Evolution of Specific UV Absorption (SUVA) for the eight sampling sites along the Arka River

Conclusion

This study was undertaken in order to monitor the water quality in the Arka River, which constitutes the main inland water resource for human and agricultural needs in the Akkar region, located north of Lebanon. For this purpose, 19 physicochemical parameters and 4 microbiological ones were assessed for 8 sampling locations along the studied river and for 7 sampling campaigns between March and July 2014. PCA was used to evaluate the spatial and temporal variations in surface water quality, being one of the most established multivariate analysis techniques in this field. In a first step, two PCs were considered, one characterized by mineral parameters and the second, by organic and bacteriological parameters. Two particular samples were discriminated due to punctual meteorological and anthropogenic breakthroughs. In order to extract further meaningful discriminations, these two samples were removed and a second PCA was performed on the reduced matrix. The new PCA results highlighted several spatial and temporal trends and helped extract and identify the factors responsible for variations in water quality. Parameters responsible for these variations were related to physicochemical parameters originating from soil leaching and intrusion of seawater but also to organic and bacteriological parameters indicating an anthropogenic pollution especially for stations located in the Akkar flatland.
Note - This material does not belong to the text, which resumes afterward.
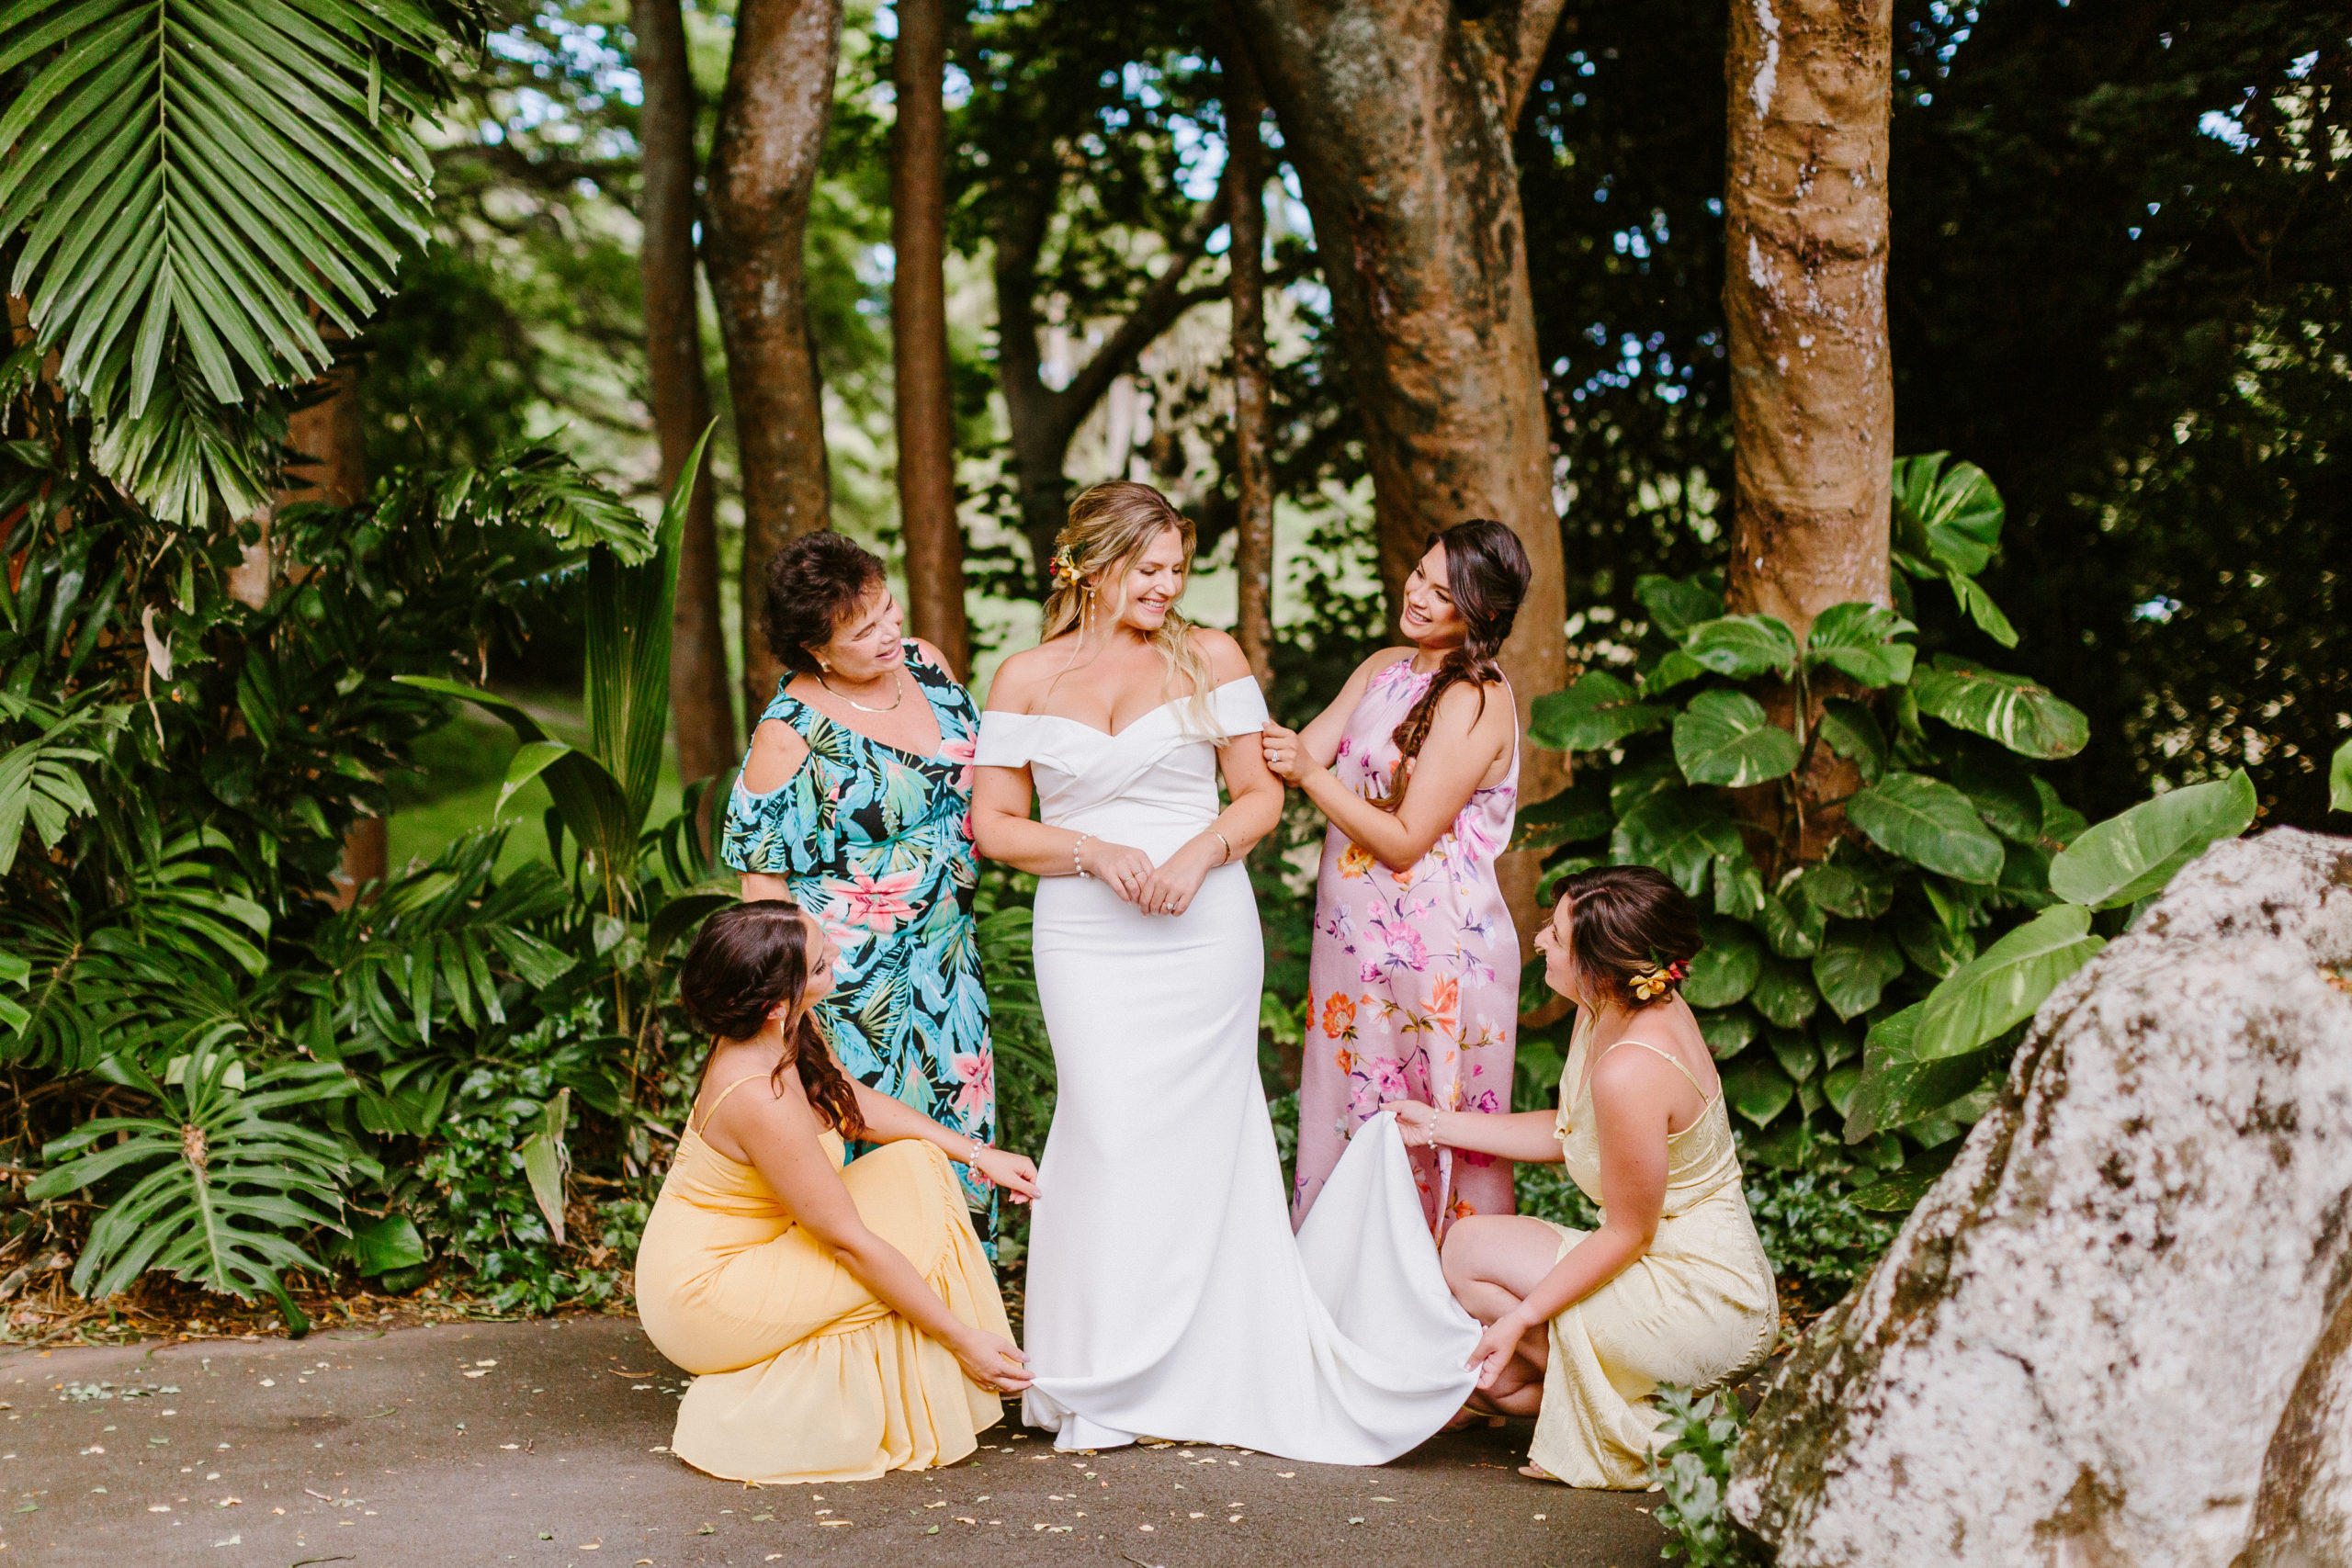 Bridesmaids helping bride get dressed in tropical venue

SUVA results validated these findings and showed that indices decreased while going away from the source, indicating a more pronounced anthropogenic character for the dissolved organic matter. As a conclusion, this study allowed a clear assessment of surface water quality of the Arka River which will hopefully lead to identify and control pollution sources coming mainly from the flatland and the surrounding villages. Therefore, an effective surface water quality management system may be established enabling a proper use of water for irrigation purposes.